Plot Details: This opinion reveals everything about the movie''s plot.
I'd hazard the guess that most American male Baby Boomers who read more than a few novels read Joseph Heller's Catch-22, and pretty much all of us knew what "catch-22" was -- not just the epitome of contradictory demands but particularly the Yossarian could not get sent home for being crazy because his not wanting to go on more bombing missions showed that he was not crazy. Flyers who went on without complaint were in some ways crazy, but could only be processed out if they asked to be... and if they asked that proved that they weren't crazy.
Can you make a movie out of that? Yeah. Could anyone have made a great movie from Heller's sprawling and highly repetitious novel? I don't think so. Riding the success of "Who's Afraid of Virginia Wolf?" and "The Graduate," Mike Nichols tried and failed with a large budget (he joked that he commanded the sixth largest air force in the world while shooting the film near Guaymas, Sonora on the east side of the Gulf of California (sometimes called the Sea of Cortez), a formidably talented cast, and the brilliant innovative camerawork of David Watkin (Help!, Chariots of Fire, Out of Africa).
I have a special affection for the movie "Catch-22" because, when I lived in Tucson in the mid-1970s, I went to the beach where the movie was filmed many times. The runway was still there (and probably remains visible today), and, reportedly, some of the sand had been shipped in for the movie. The movie begins with the sun rising over Teta de Cabro (goat teat mountain) and ends with a long, complicated helicopter shot following Yossarian after he jumps out of a hospital window, crosses the runway on which a parade is marching away, runs into the water while inflating a small, bright yellow life raft and then pulls farther and farther away, showing the bay and dry Sonora desert mountains.
I'd think that at least admiration for the technique of the opening and closing scenes would be stimulated even in those who have no nostalgia for the location. Throughout the nearly two hours of running time, there are many very long and very complicated shots. The shot of a tight formation of bombers taking off into the camera is astounding (and I learned, very dangerous for those on the planes, though the cameraman was relatively safe with the longest lens then available). The Götterdamerung-like bombing of the base conducted from the control tower by Lieutenant Milo Minderbinder (Jon Voight) is a major set piece, showing the way for the explosions that fill Hollywood blockbusters from the last two decades.

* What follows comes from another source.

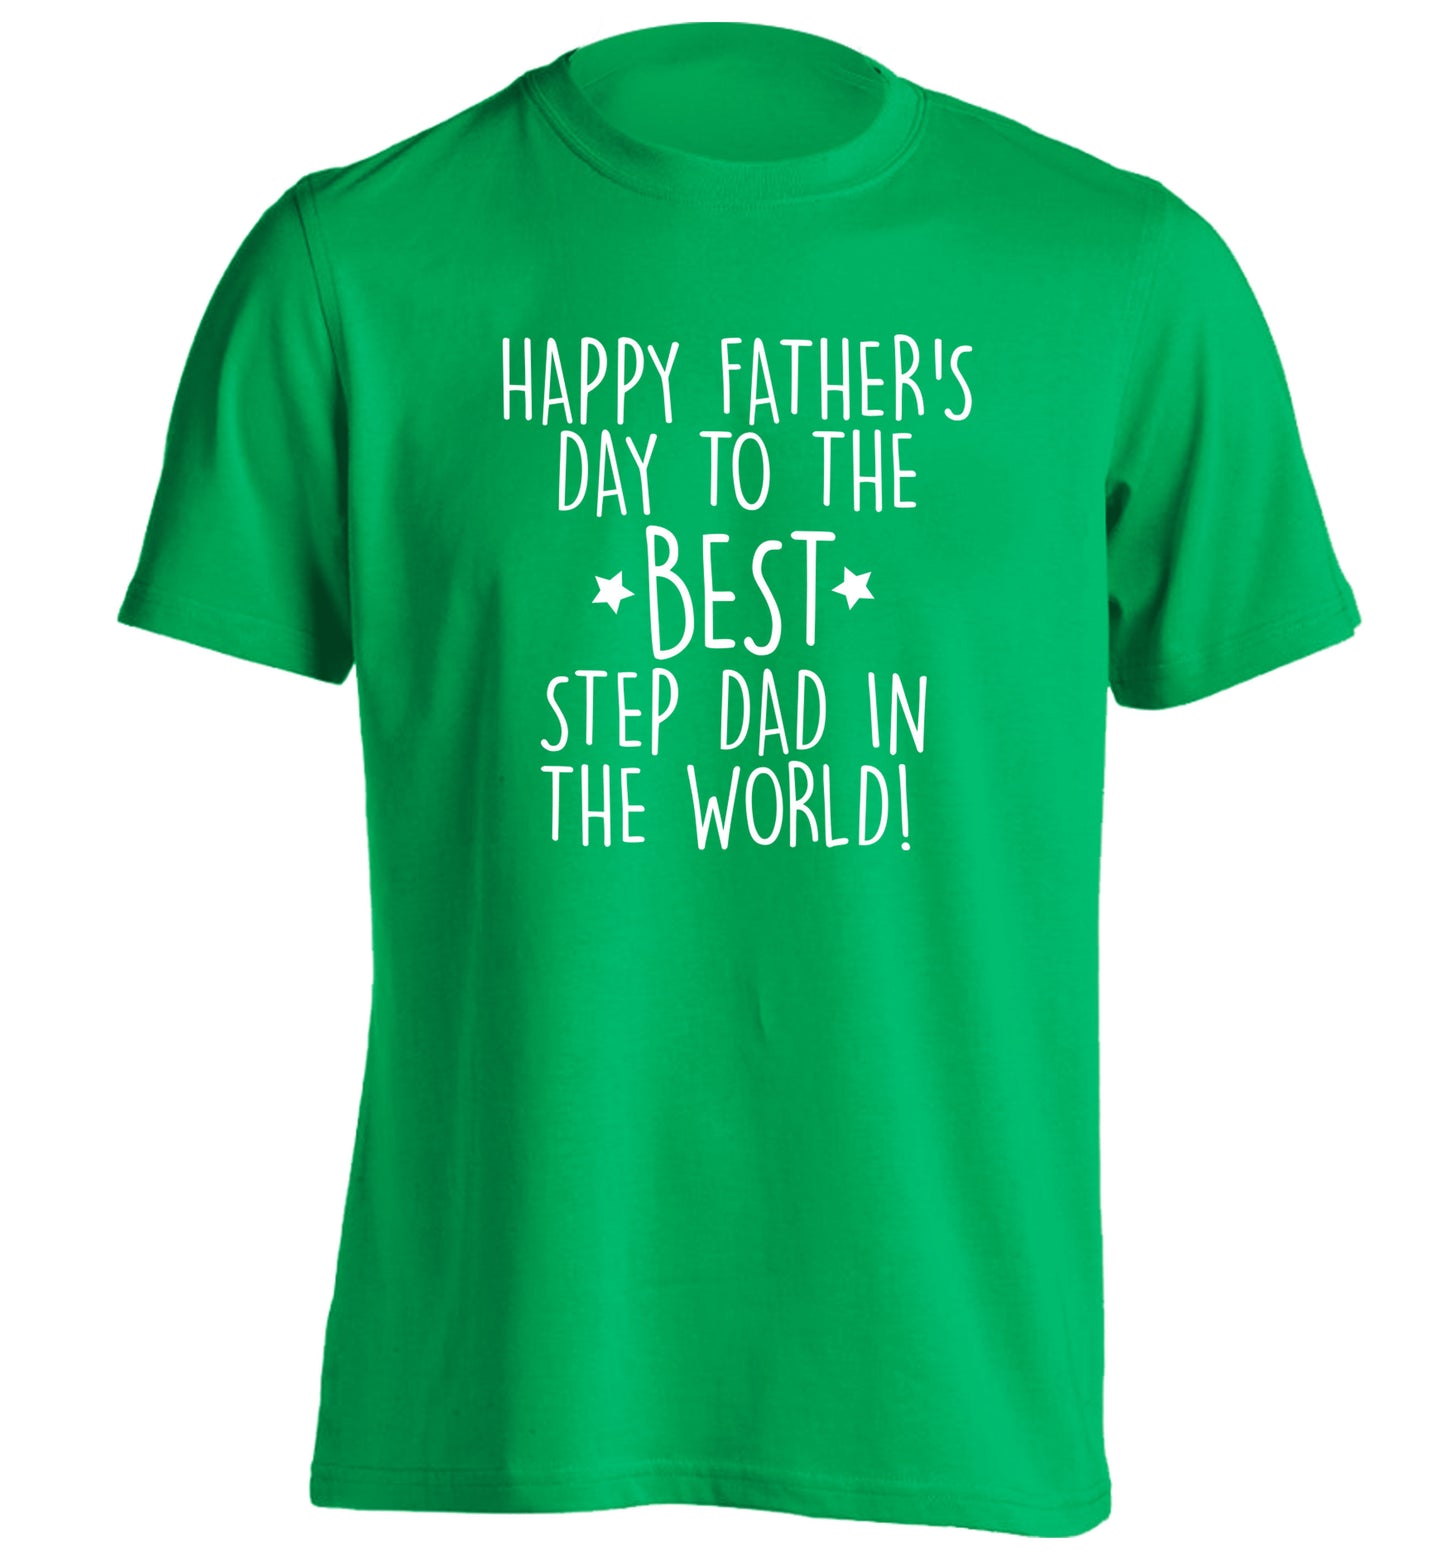 Happy Father's day to the best step dad in the world! adults unisex green Tshirt 2XL
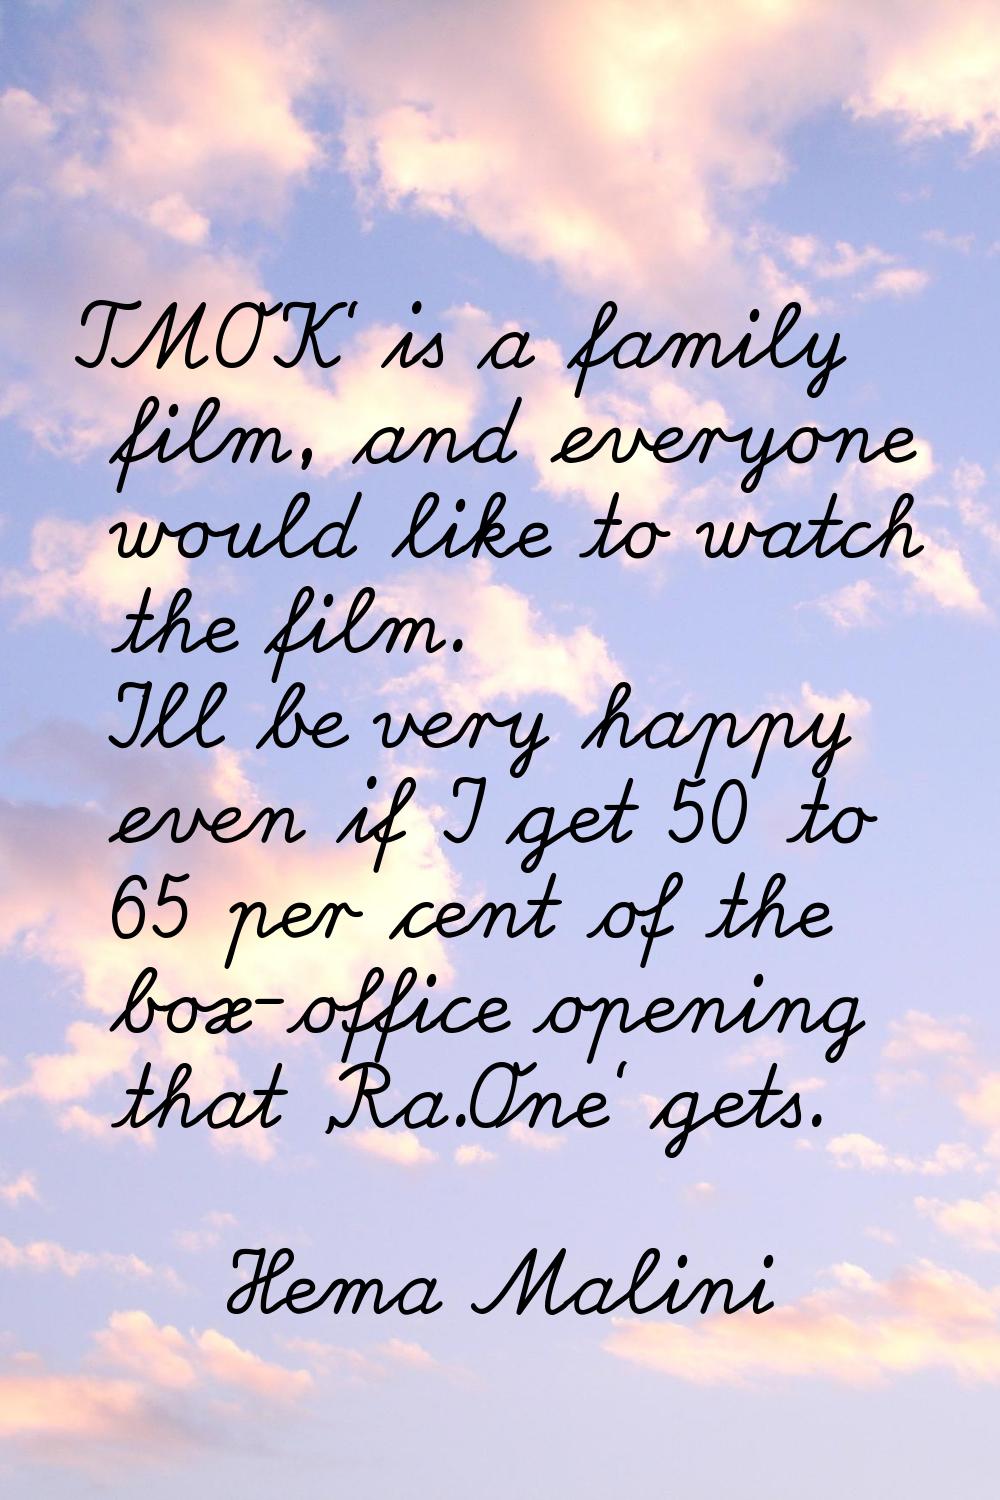 TMOK' is a family film, and everyone would like to watch the film. I'll be very happy even if I get

And Alan Arkin seems to me to be perfect for and as Yossarian (though I keep wondering how a bombardier can have the rank of captain--I don't recall if this rank inflation derives from the book).
Yes, the richness of the book is lost, as is generally the case with screen adaptations of novels, especially of novels with lots of admirers. There are a number (too large a number!) of scenes that can only make sense to those familiar with Heller's novel. For instance, in the movie, the audience does not know who Hungry Joe is, though we see his macabre fate (I swear that when I saw "Catch-22" long ago in a theater, we saw it twice, but there is no mention of this on the commentary track.)
Obviously, the movie was presold (to my generation, particularly those a bit older than I was) as an already known property. The basic dilemma, the catch-22, is there, as is Yossarian shedding his clothes, receiving a medal "out of uniform," taking to a tree, and many other scenes and lines from the novel.
Somehow, the whole is less than the sum of the parts. In 1970 I liked the movie more than many other viewers did (even before having associations with the location). I thought that the movie was underrated and the book overrated. As I remember, the second half of the book seemed largely to repeat the first half.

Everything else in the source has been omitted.